Quote from: Andrew Davie on 21 Oct 2023, 10:32 PMNot convinced! So I assume across the USB/serial connection you have to send address (12 bits) and data (8 bits), and then you read the data (8 bits) in return. And presumably you have some kind of inherent "wait" in there after setting those two... it would take some time for the cart to respond and place something on the bus.  In that process, 5Gib/s is not sufficient speed to handle a 6507 accessing the bus at an absolute maximum of 1.19MHz but more likely less than half that?

Latency is definitely a major factor contributing to the slow execution. When I reduce the latency of the device I get significantly more speed. But I take your point about even USB3 being insufficient to service 1.19MHz in real time.

Quote from: Andrew Davie on 21 Oct 2023, 10:32 PMDo you have a hardwired delay in there waiting for data after you send an address, or is it just assumed that the delay of the USB will allow sufficient time for the data bus to stabilise?
There is no strict timing in the shim yet. There is a small and implicit delay between setting the address bus and reading the data bus that produces accurate results on a simple 4k cartridge.

Here's a simple sequence diagram without timings.

  Host PC                          Shim

  Send data flag >------.
                        -------> Receive data flag

  (Send data) >---------.
                        -------> (Receive data)

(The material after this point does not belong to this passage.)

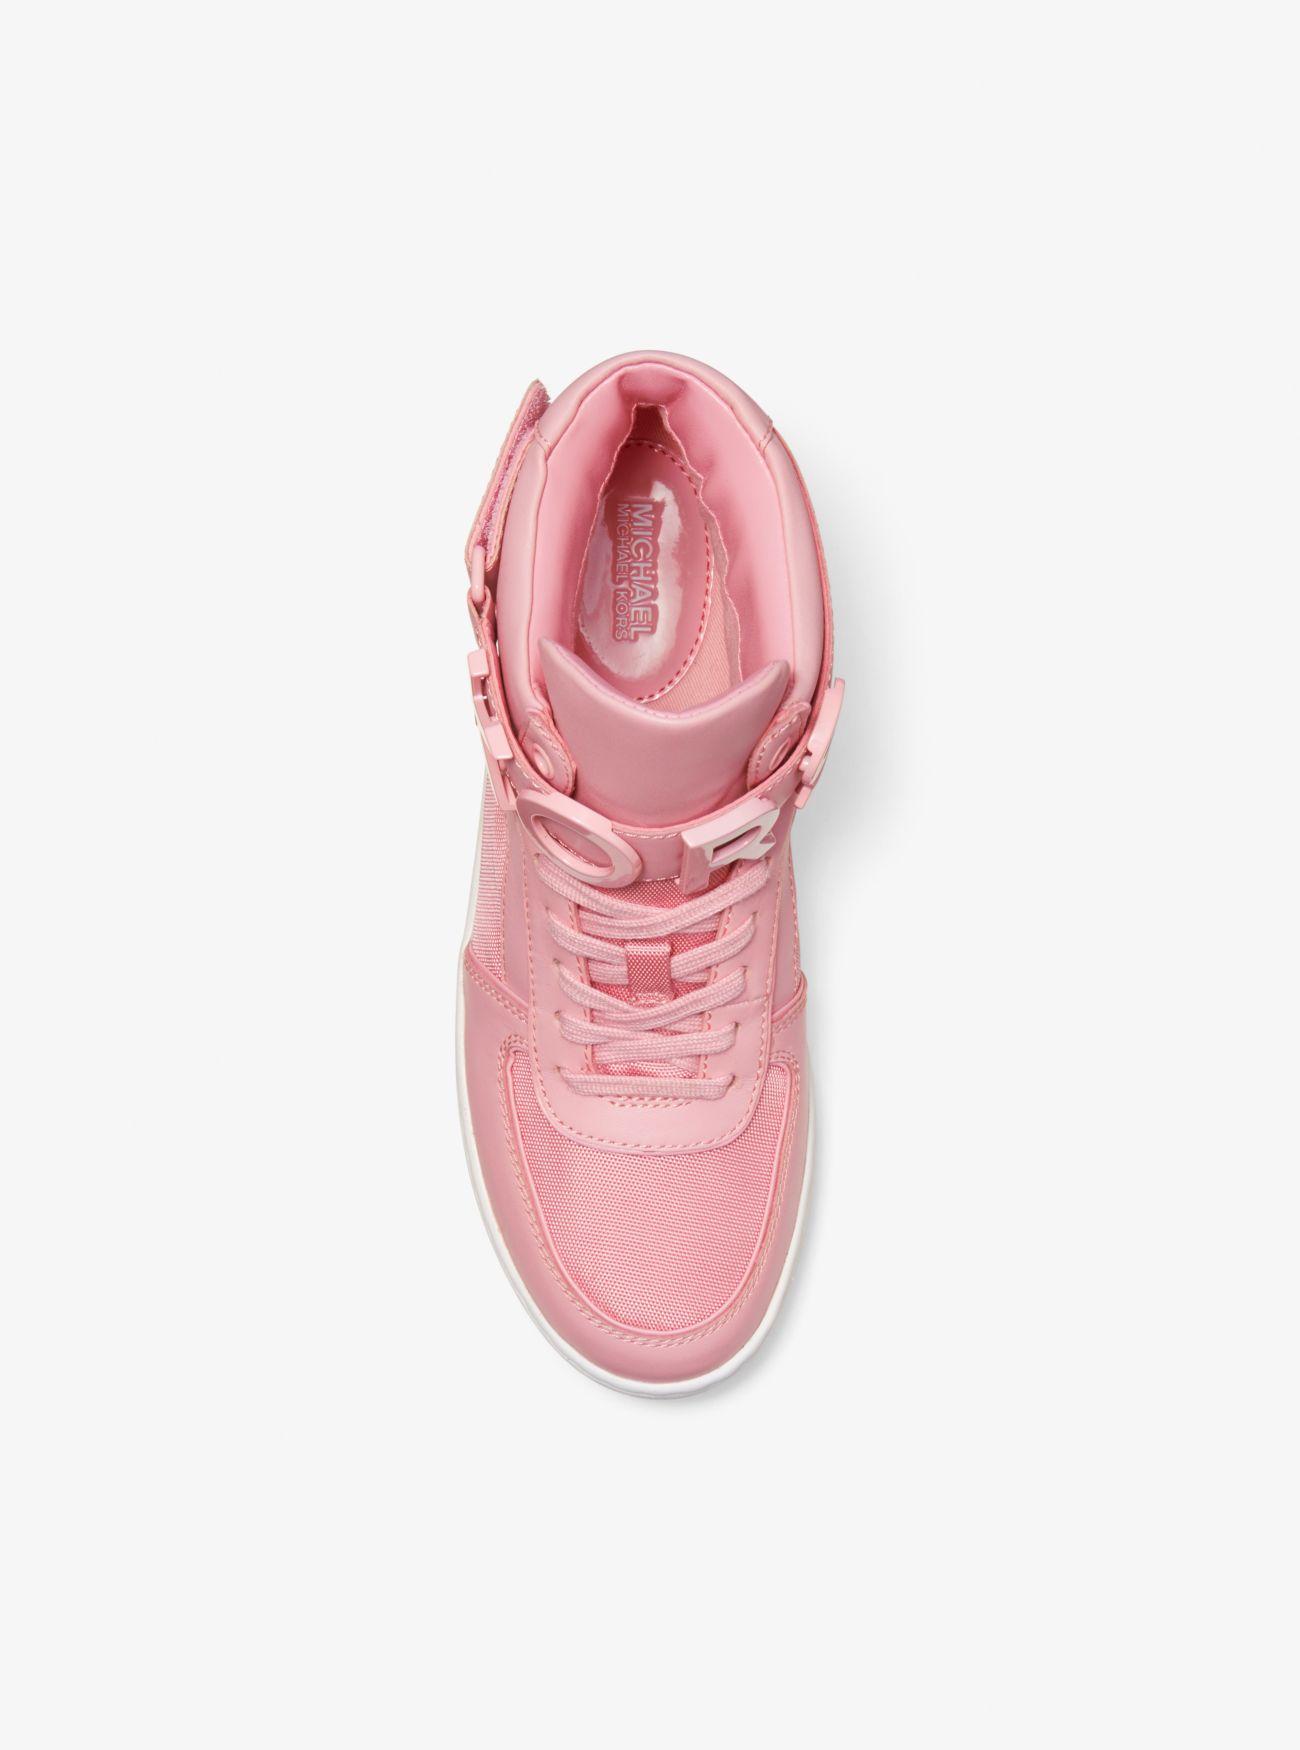 Michael Kors Cortlandt Embellished Leather High-top Sneaker in Pink | Lyst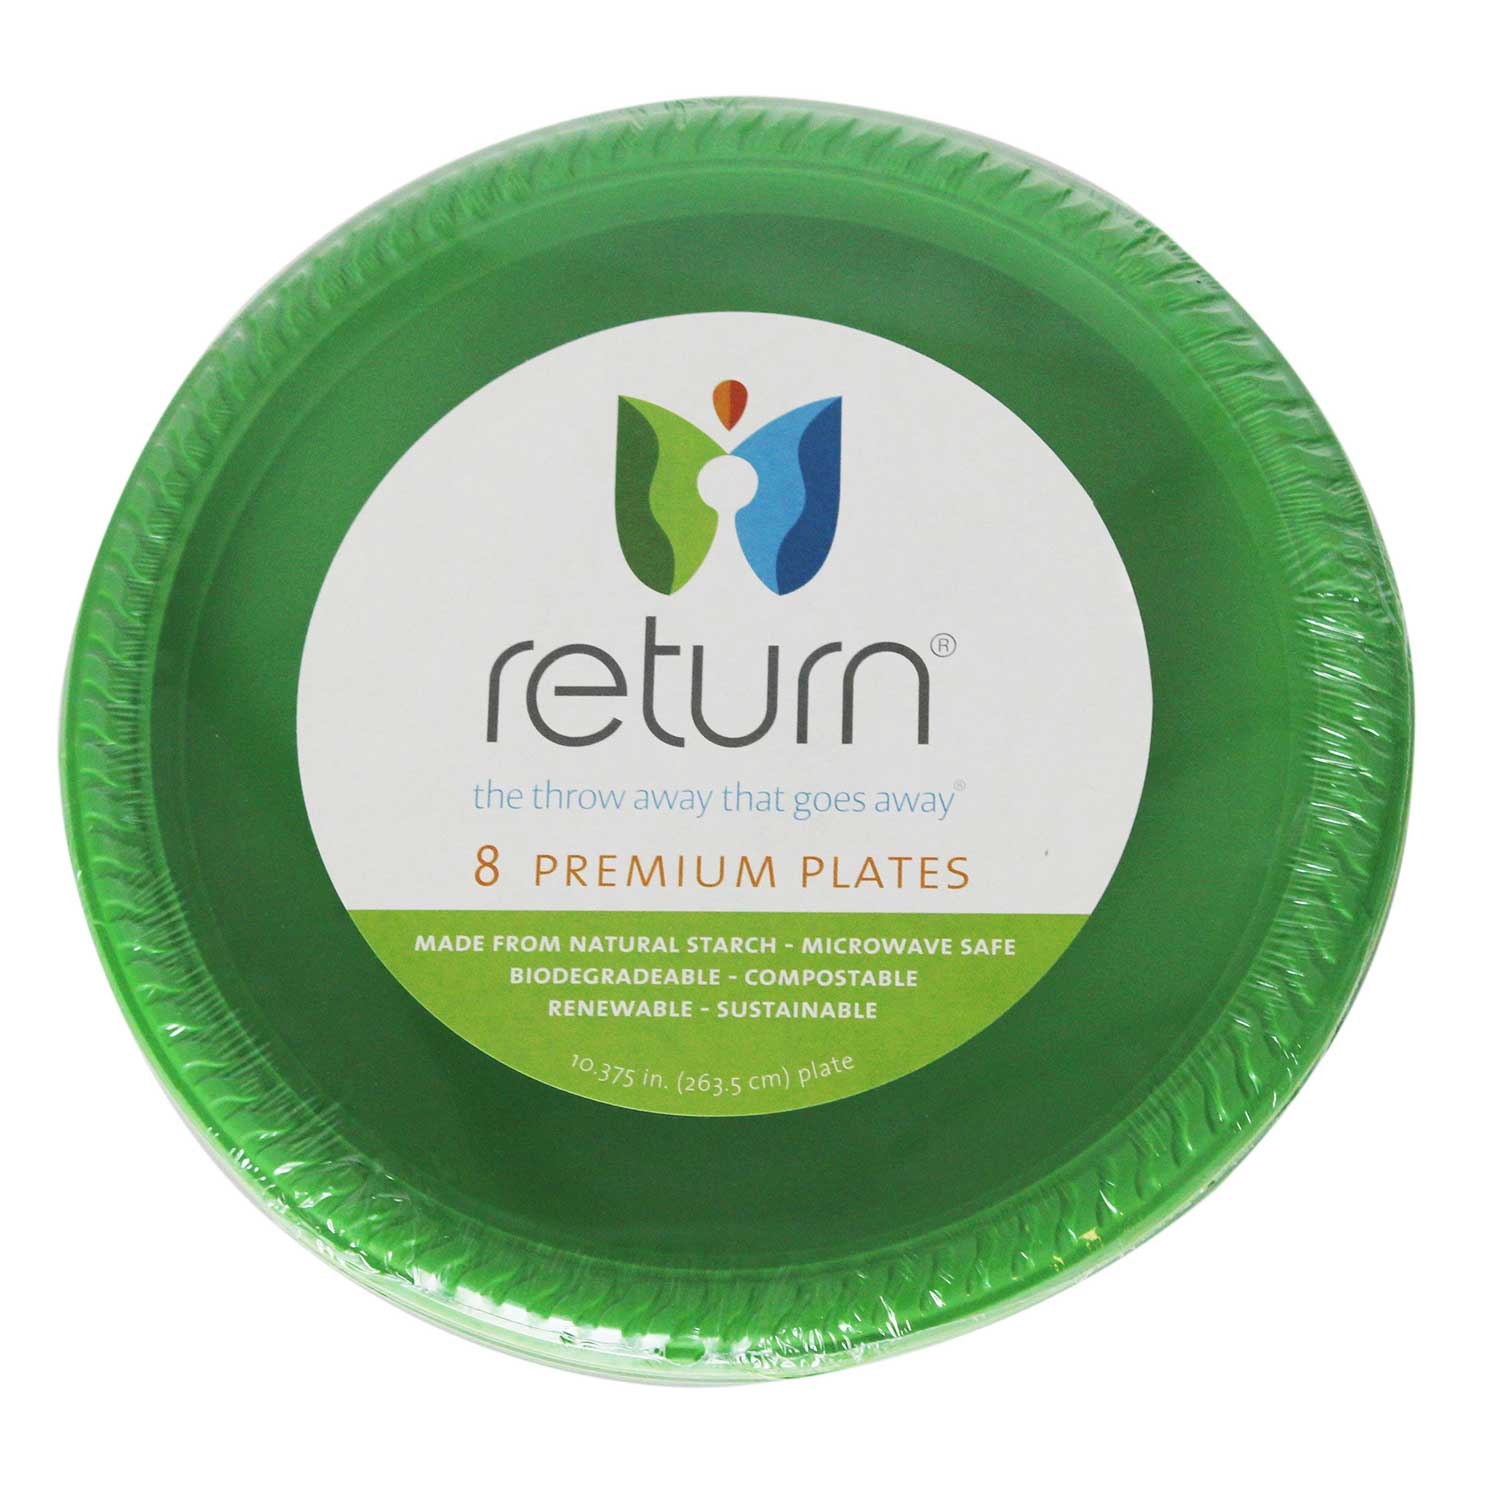 yumi-1025-return-10-3-8-inch-green-compostable-plates-8-pieces.jpg

  Send Hi Address >---------.
                            .    Set data bus
                            .
  Send Lo Address >-----.   .
                        .   ---> Receive Hi Address
                        .
                        .
                        -------> Receive Lo Address


                                 Set Address bus


                        .------< Send data
  Receive data <--------

The (send data) and (receive data) steps are only conduced if the data flag is true. For simple cartridges with no bank switching and no onboard RAM, we never need to set the data bus. This would be an excellent optimisation for those cartridges if there was a reliable way of discerning whether the additional communication was required.

Assuming that the optimisation was valid, it would mean that communication with the shim only needs to happen on a single cycle of a read instruction, in addition to the retrieval of the instruction via the program counter.
https://github.com/JetSetIlly/Gopher2600
@JetSetIlly@mastodon.gamedev.place
@jetsetilly.bsky.social

Andrew Davie

Quote from: JetSetIlly on 22 Oct 2023, 07:44 PMBut I take your point about even USB3 being insufficient to service 1.19MHz in real time.

No. I was asking a question, not stating that it was not sufficient. I would be surprised if it was not sufficient, but I haven't done the calculations.